The Shed, due to open on 5 April where the High Line and Hudson Yards development intersect on Manhattan’s western edge, aims to be the world’s most flexible cultural institution. “It’s part museum, part performing arts centre, part pop-up venue—providing parity across all art forms, for all audiences,” says the artistic director and chief executive, Alex Poots.
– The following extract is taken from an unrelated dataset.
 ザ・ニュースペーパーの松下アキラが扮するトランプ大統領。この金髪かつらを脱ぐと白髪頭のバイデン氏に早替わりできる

The non-profit, which commissions, develops and presents work across performing and visual arts and popular culture, has a gleaming new $475m building to service its lofty ambitions. Designed by Diller Scofidio + Renfro with the Rockwell Group, and situated above the West Side rail yards, the eight-level building has a moveable shell that can roll out on wheels into The Shed’s outdoor plaza, adapted from the shipyard technology of gantry cranes as a nod to the site’s industrial past. “It moves quite majestically, like a ship through the sea,” Poots says. It also doubles The Shed’s footprint and provides another sound- and temperature-controlled space for performances and exhibitions, in addition to the building’s versatile theatre, two expansive galleries, rehearsal space and creative lab.
Creating a zone of public space adjacent to the new luxury condos, shops and restaurants of the massive Hudson Yards project, The Shed was part of the original deal struck with the developers in 2005 by the former mayor Michael Bloomberg’s administration. The city launched a call for proposals for a non-profit cultural facility in 2008 and gave $75m towards the project’s $550m capital campaign for the building, start-up costs and first three years of commissions. The campaign has raised $529m to date through additional private funds.
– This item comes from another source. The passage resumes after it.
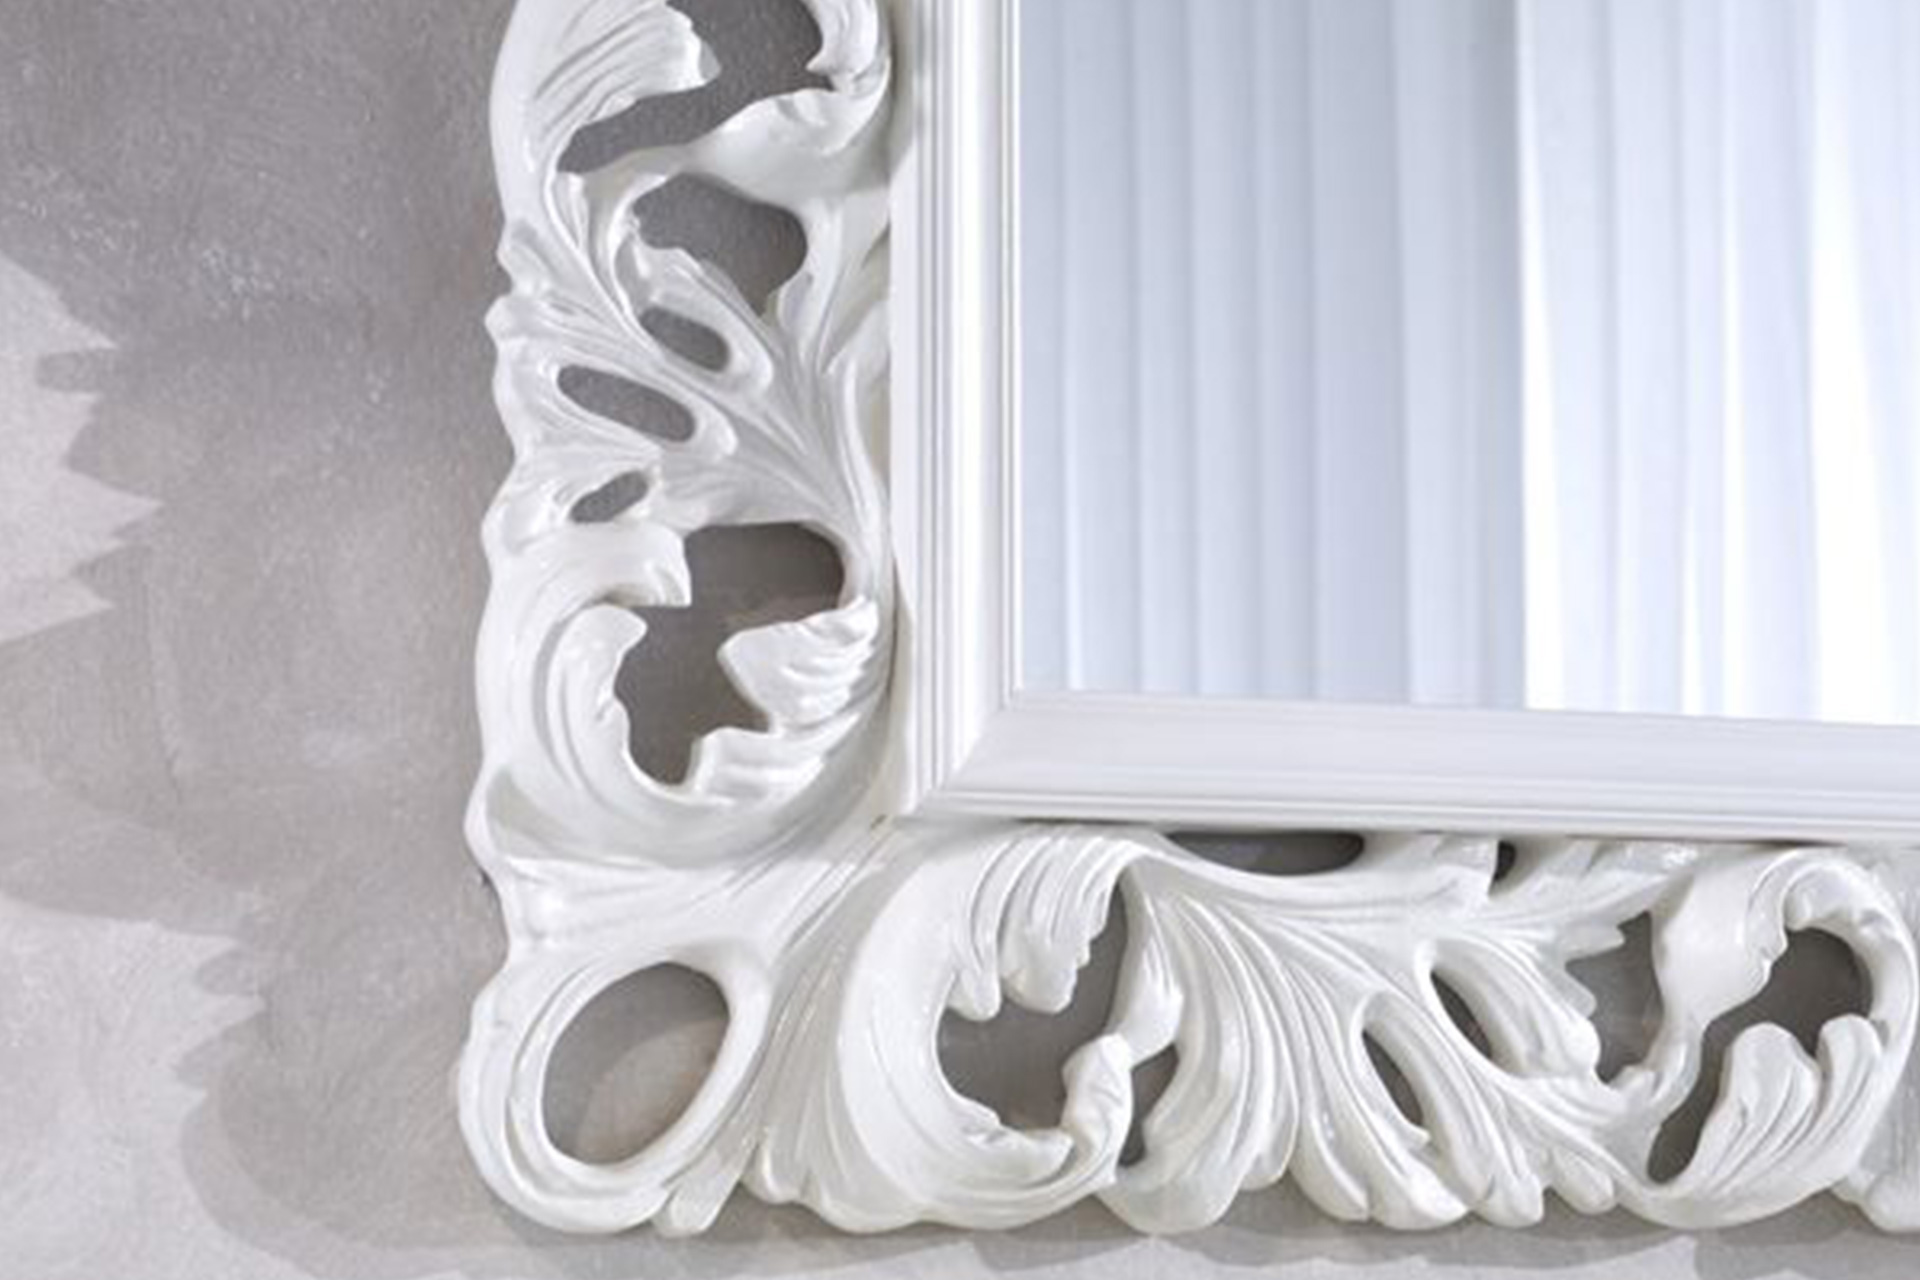 Modell Ella-Marie, rechteckig, Farbe: Hell weiß lackiert, klassisch, Herstellung: ASR-Rahmendesign Material: Holz, Spiegel glatt, Ansicht Ausschnitt Ecke unten links

“When we first conceived the idea of The Shed, we had not yet recruited the Whitney to go down to the southern end of the High Line,” says Daniel Doctoroff, The Shed’s board chairman and the former deputy mayor, who spearheaded the project from the start. Now, The Shed caps the necklace of institutions along the High Line, which attracts 7.5 million visitors a year, including the Whitney Museum of American Art, the Kitchen, Dia Art Foundation (currently under renovation) and the newly opened Hill Art Foundation.
Projects that otherwise could not happen can see the light of day at The Shed
Early on, many arts leaders questioned The Shed’s purpose and why the city gave so much money to an institution that did not yet exist. “The vision of the city was to carve out the space for something the city might need, that wasn’t competing with anything else,” Poots says. “I think a centre for commissioning all artists and for all audiences tries to give that opportunity.”
Poots, the founding director of England’s Manchester International Festival from 2005 to 2015, has brought on board his collaborator Hans Ulrich Obrist as the senior programme adviser; they have been inspired by the festival’s nimbleness and interdisciplinary programme. Almost 20 commissions are planned for The Shed’s first year. “Projects that otherwise could not happen can see the light of day here,” Obrist says.
An inaugural commission to be presented from April until June synthesises work by the German painter Gerhard Richter, the Estonian composer Arvo Pärt and the US composer Steve Reich. Richter has designed immersive works for two gallery spaces; in one, an acapella choir will perform a piece by Pärt while the other presents a new live orchestral piece by Reich.
The $25 ticket price for the events includes a new film by the conceptual artist Trisha Donnelly (which can be seen separately for $10). “Somebody might come to see Trisha Donnelly and then experience a Reich piece, which they might never otherwise have visited,” Obrist says.
The UK artist and filmmaker Steve McQueen is also venturing into the world of music with Soundtrack of America, a family tree of African-American music, from spirituals to trap. With a team led by the legendary US musician and producer Quincy Jones, the work will be performed in April by young musicians in the plaza space under the extended shell.
Admission prices will vary depending on the event, but 10% of tickets for all performances will be available to low-income families for $10 as part of The Shed’s focus on “equity and democratisation”, Poots says. This endeavour extends to providing space for Open Call, a programme of new pieces by 52 emerging artists from the five boroughs, and Maze, a theatre production showcasing the street dance taught in 20 New York public schools and community centres as part of The Shed’s FlexNYC outreach programme, which will be performed by participating students and teachers.
“We’d like to have the residencies we’re doing in communities tie back to culminating events and block parties happening in The Shed,” says Tamara McCaw, the institution’s chief civic programme officer. Noting its proximity to public and subsidised housing in Chelsea and Hell’s Kitchen, she adds: “I don’t want The Shed to be one more thing that improves the neighbourhood but that a lot of the residents don’t feel is for them.”